**WORK REQUIRED:** Only the pictures are to be left out; the listing itself is repeated exactly.

**DATASET CONTENT:**
+---+
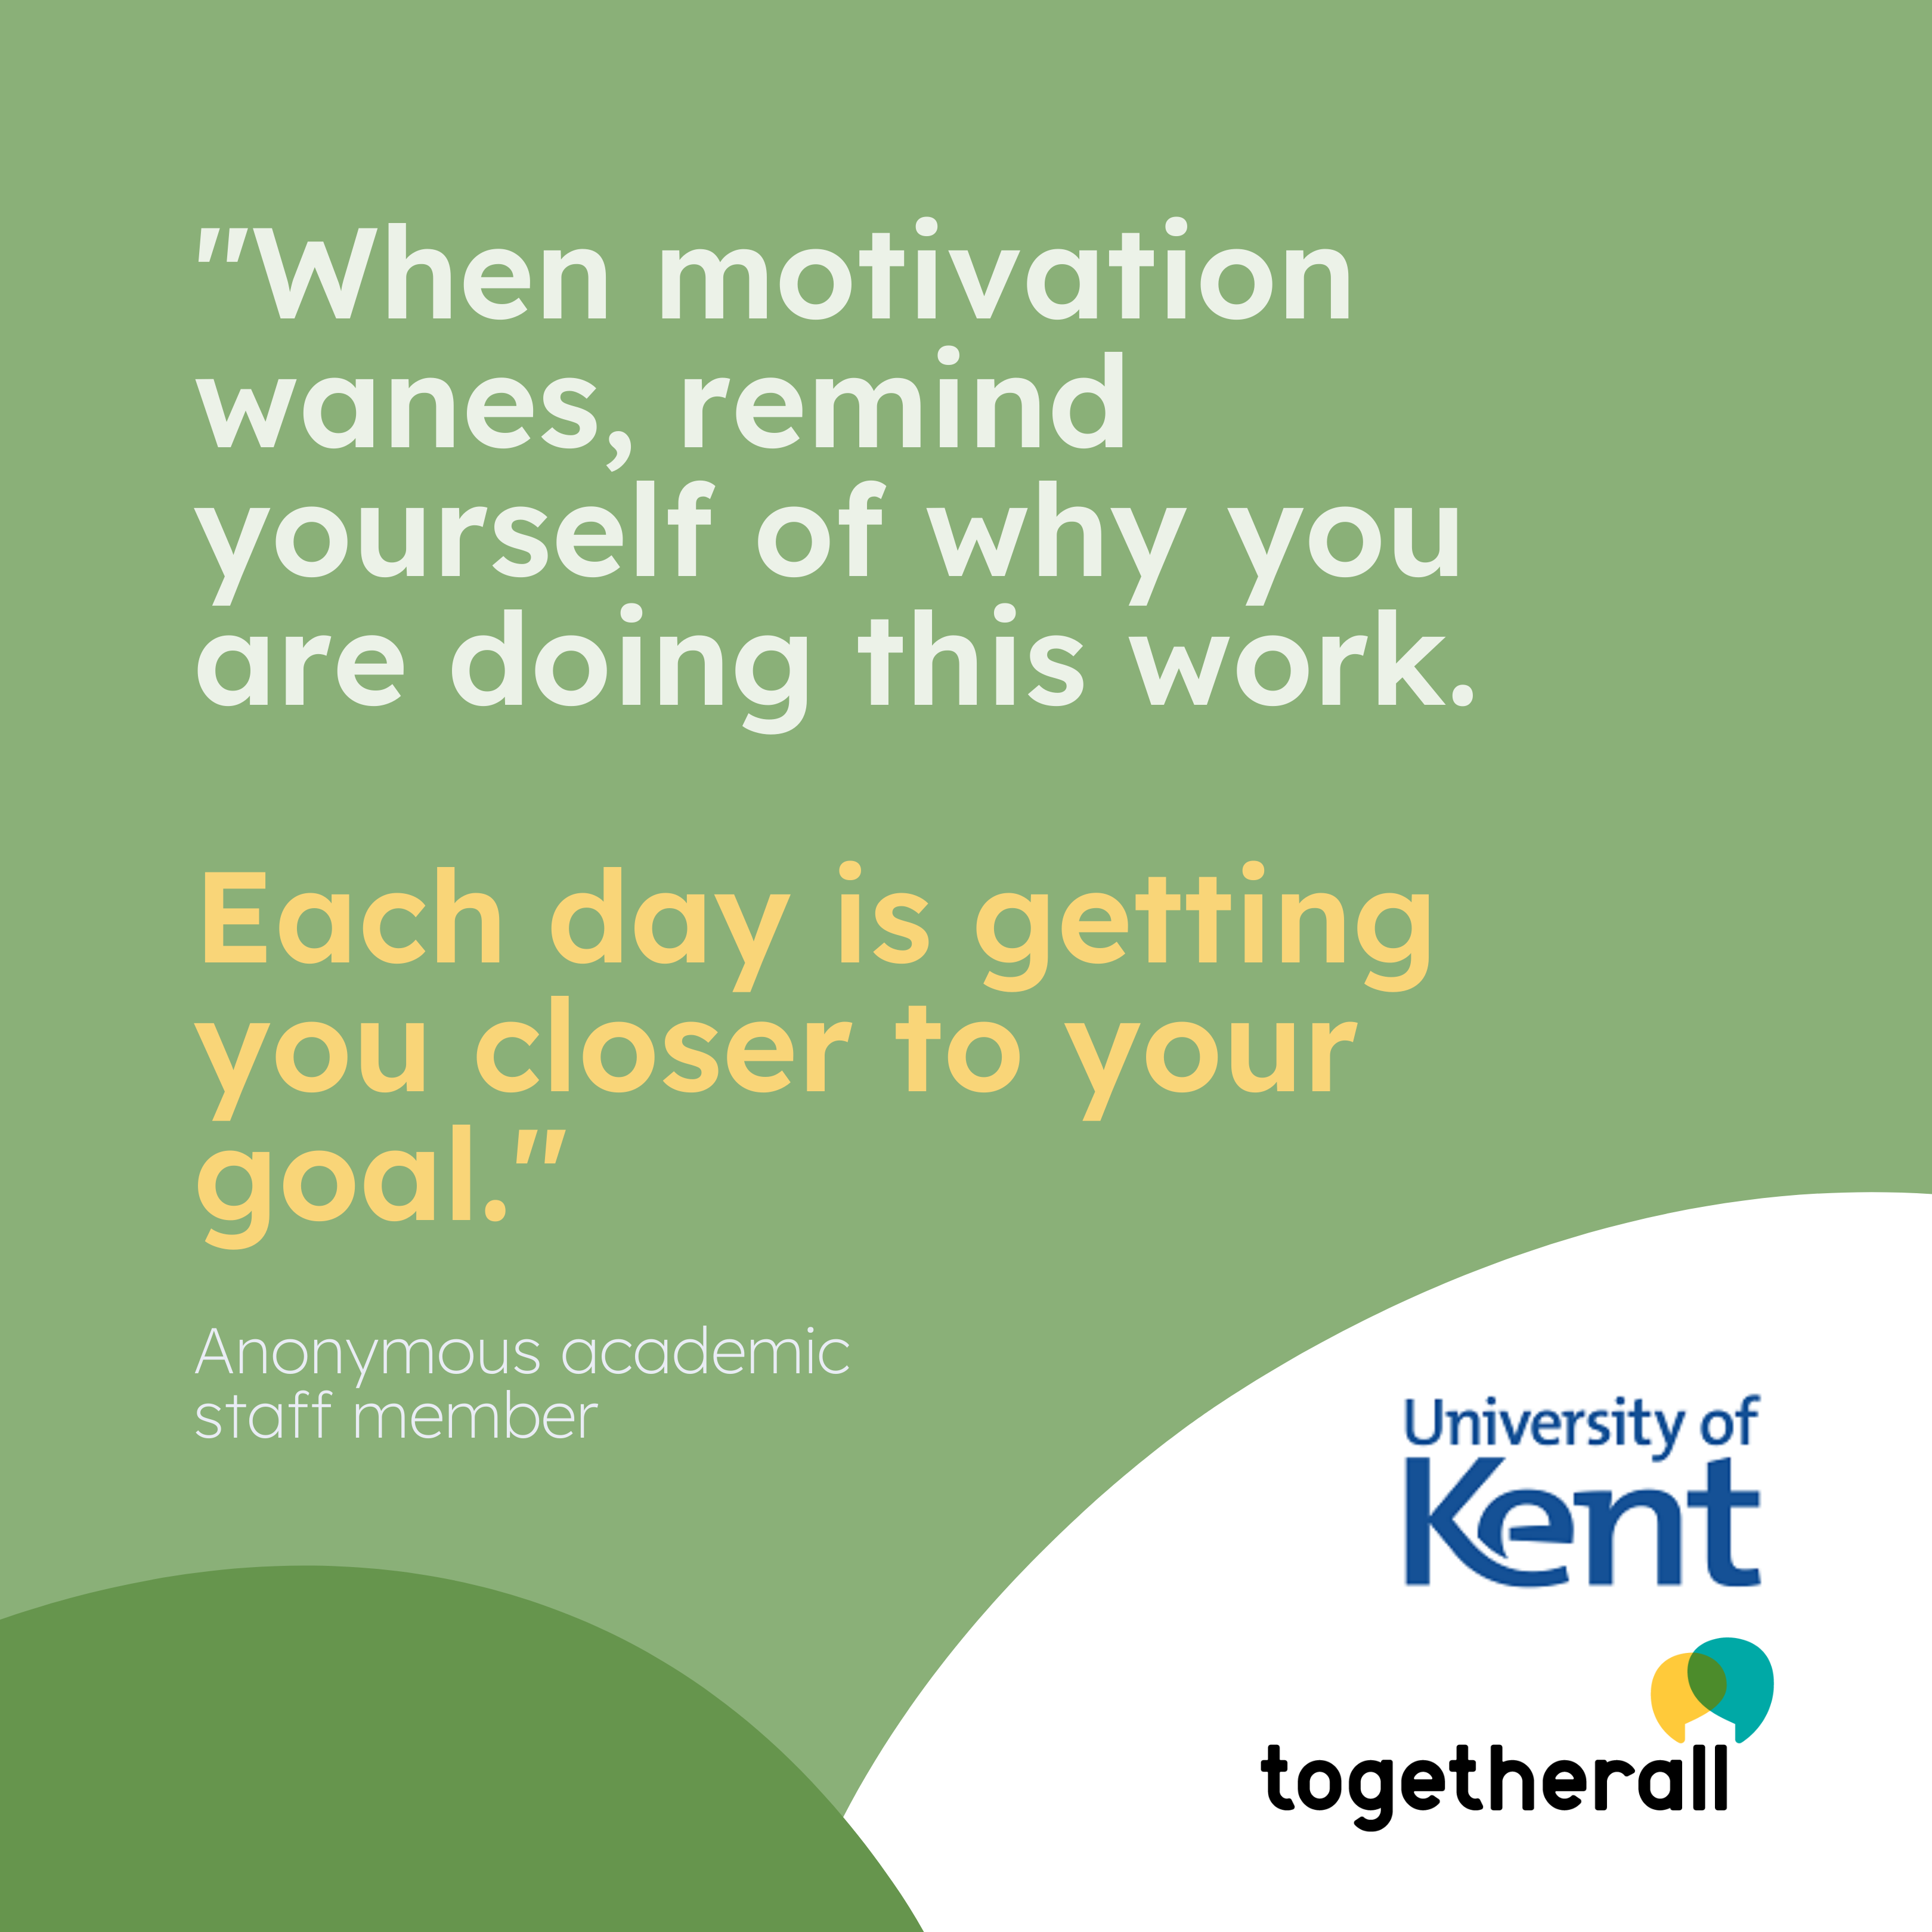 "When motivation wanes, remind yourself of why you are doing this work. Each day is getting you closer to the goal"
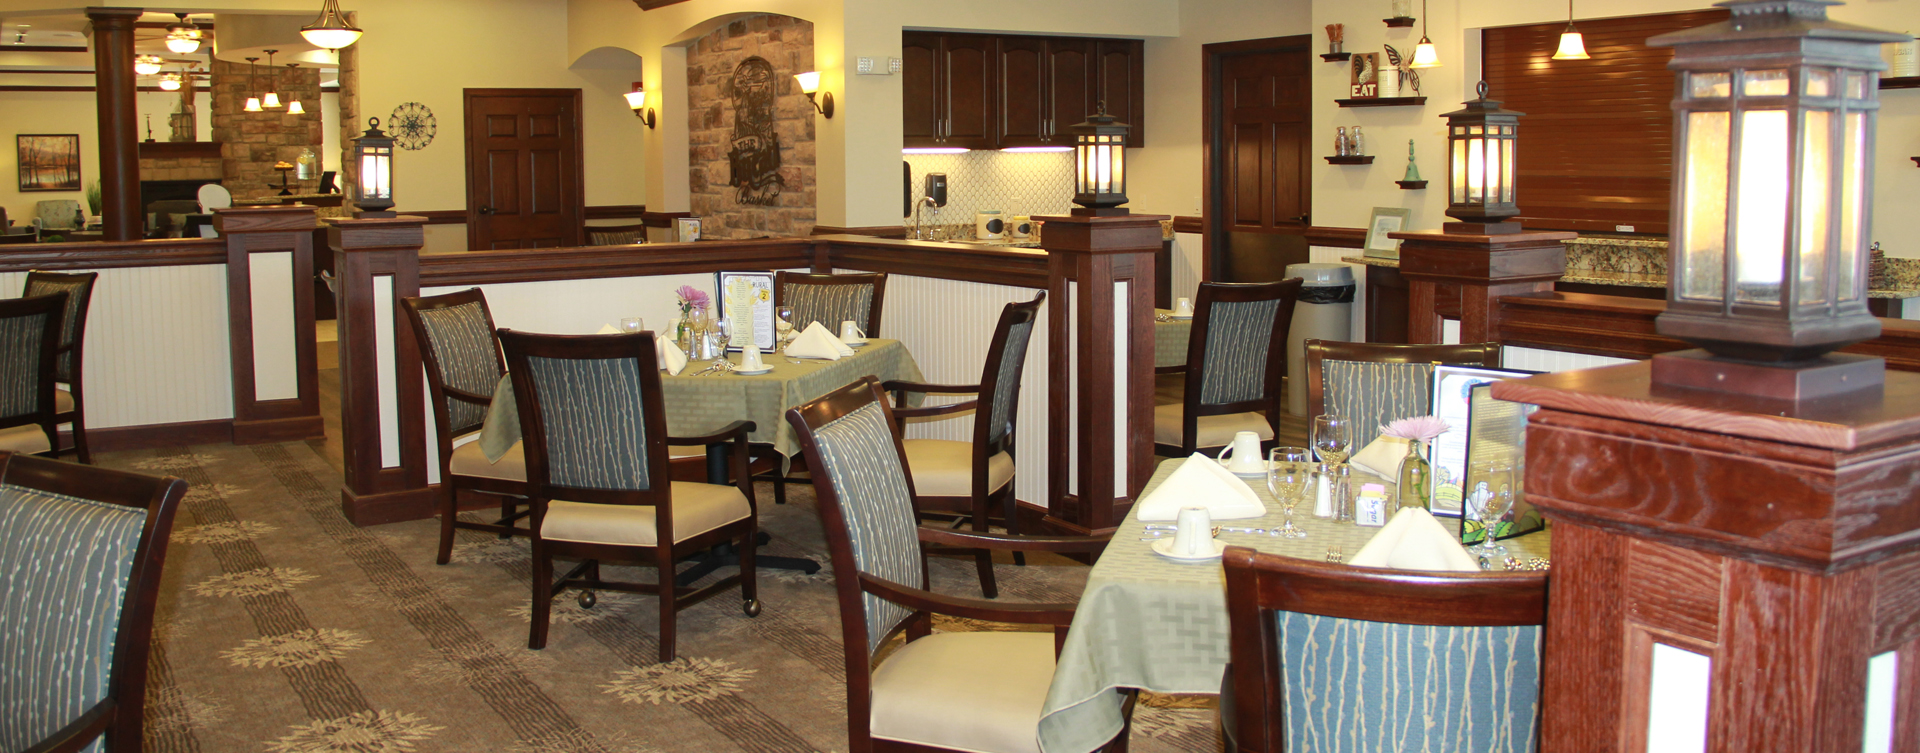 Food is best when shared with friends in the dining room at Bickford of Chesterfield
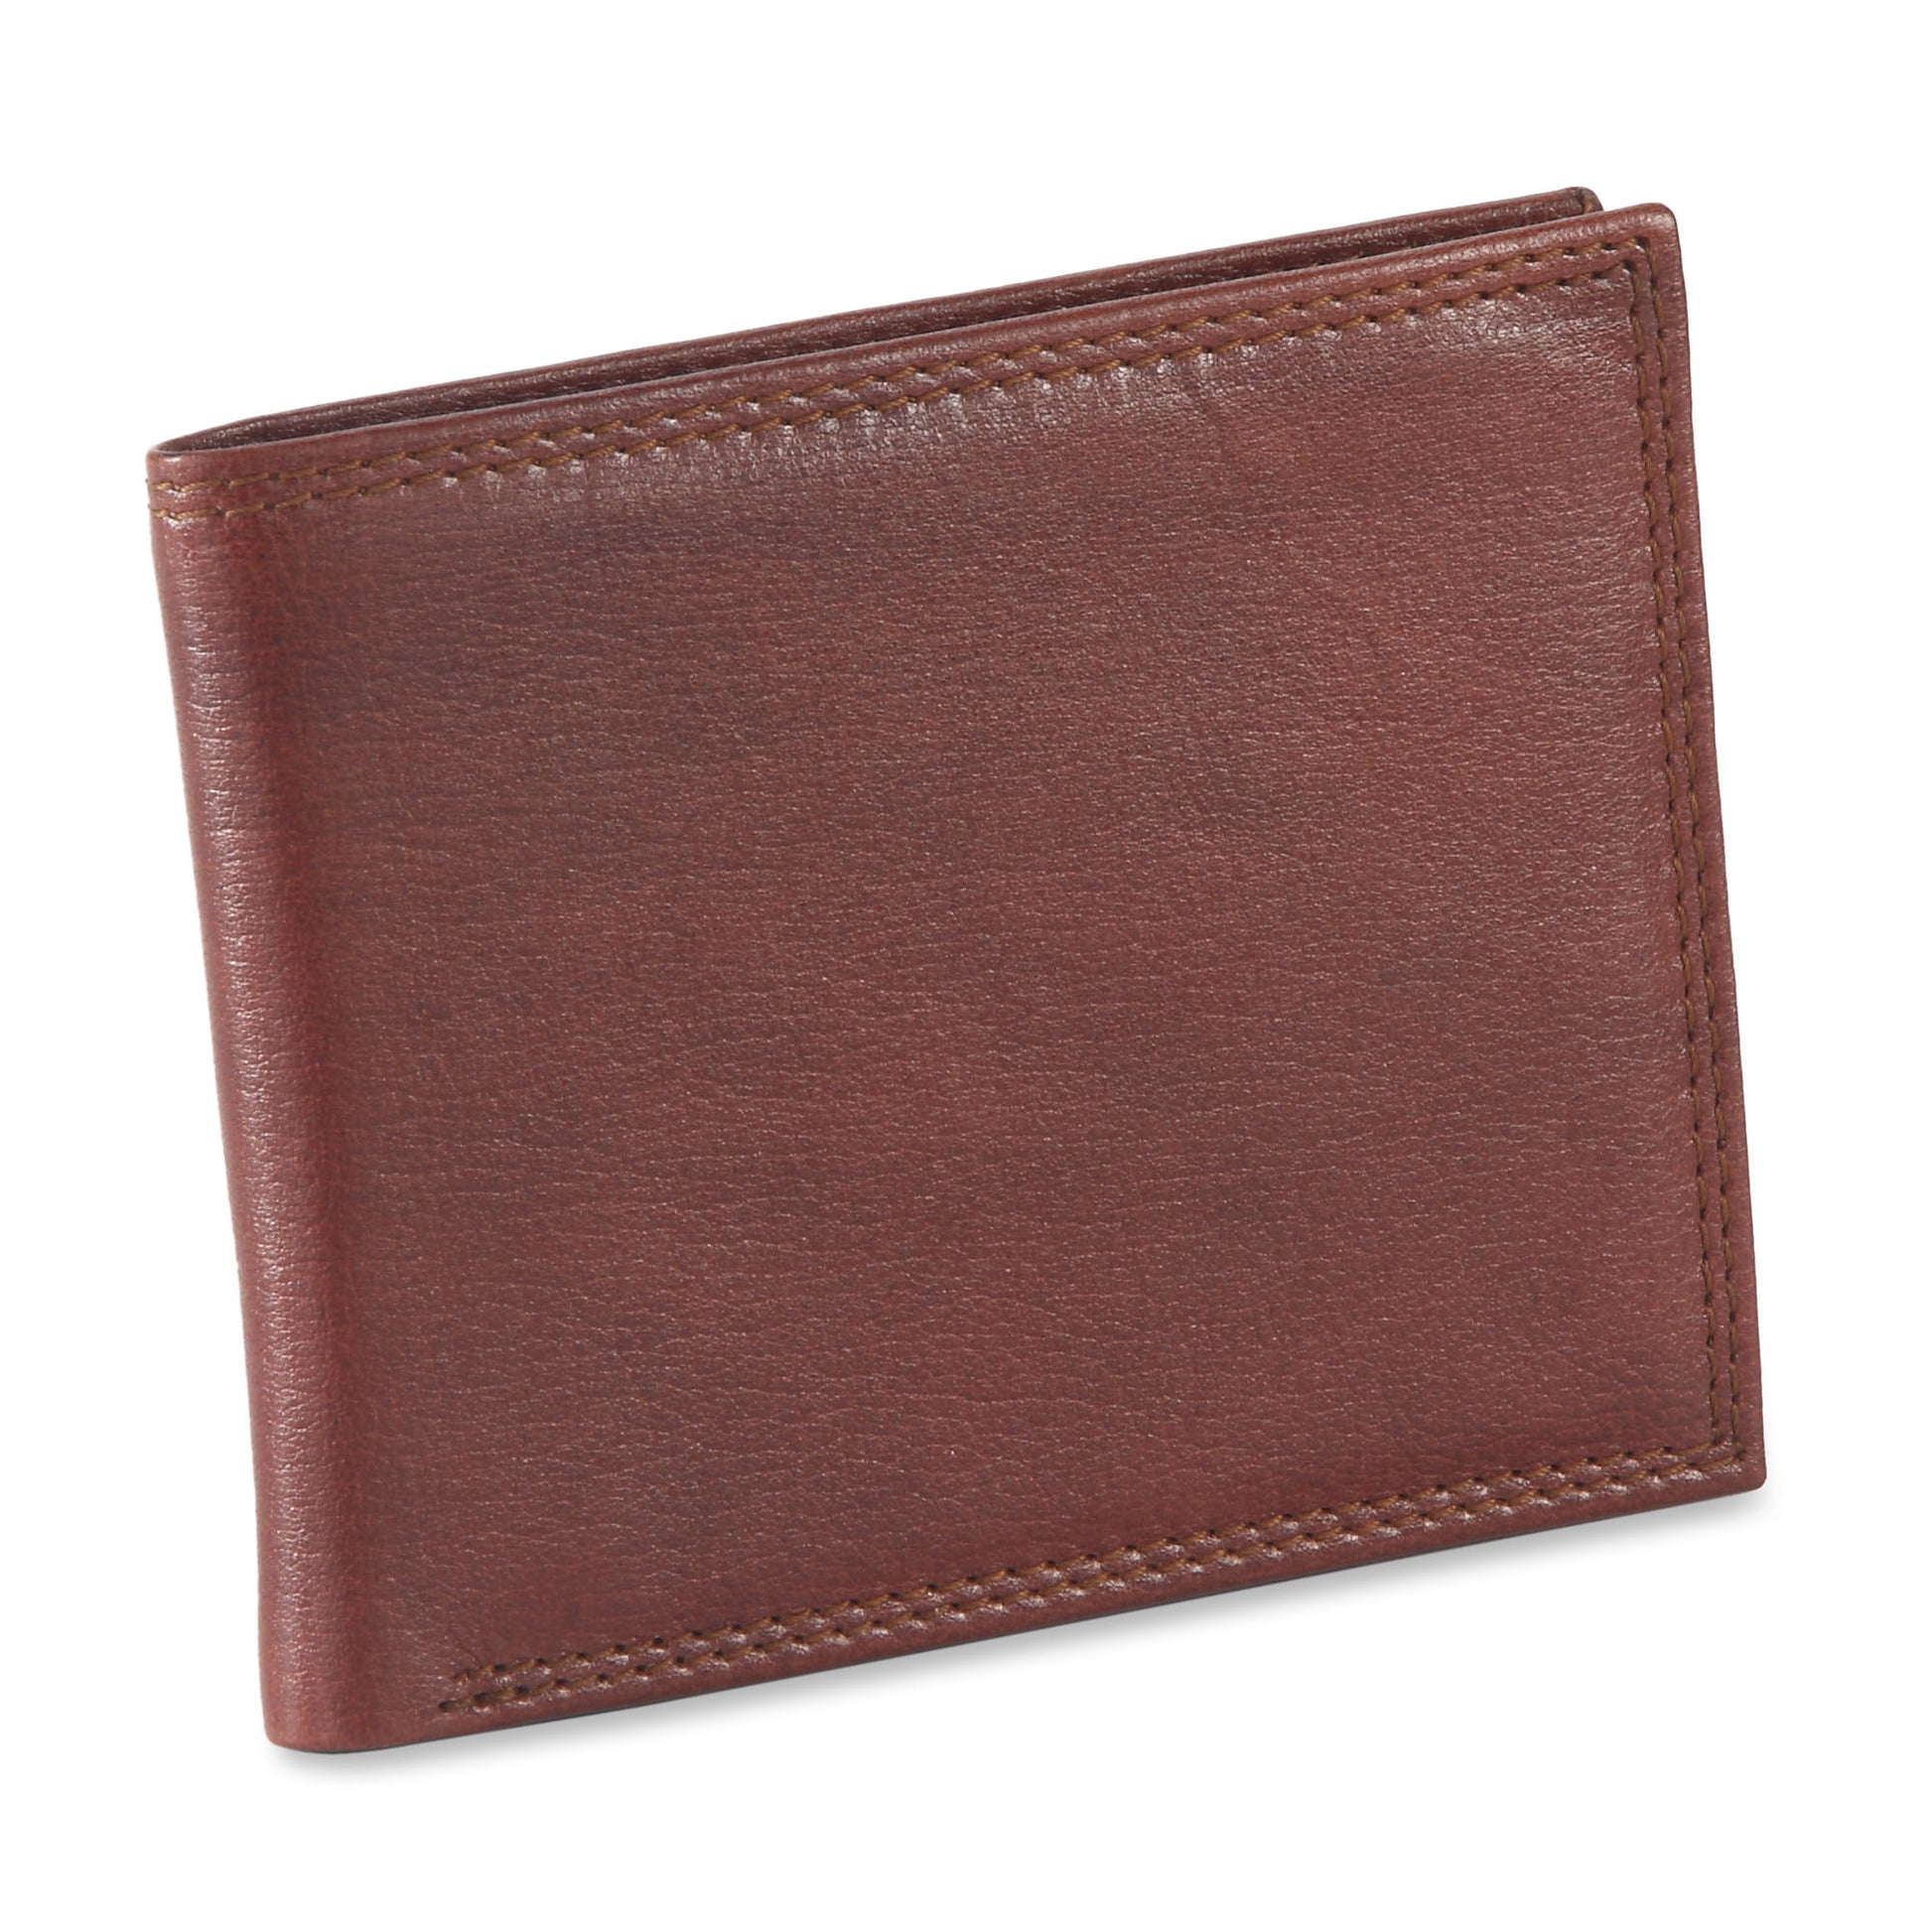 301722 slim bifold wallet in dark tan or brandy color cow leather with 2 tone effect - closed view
+---+
**SOLUTION:**
 "When motivation wanes, remind yourself of why you are doing this work. Each day is getting you closer to the goal"
 Food is best when shared with friends in the dining room at Bickford of Chesterfield
 301722 slim bifold wallet in dark tan or brandy color cow leather with 2 tone effect - closed view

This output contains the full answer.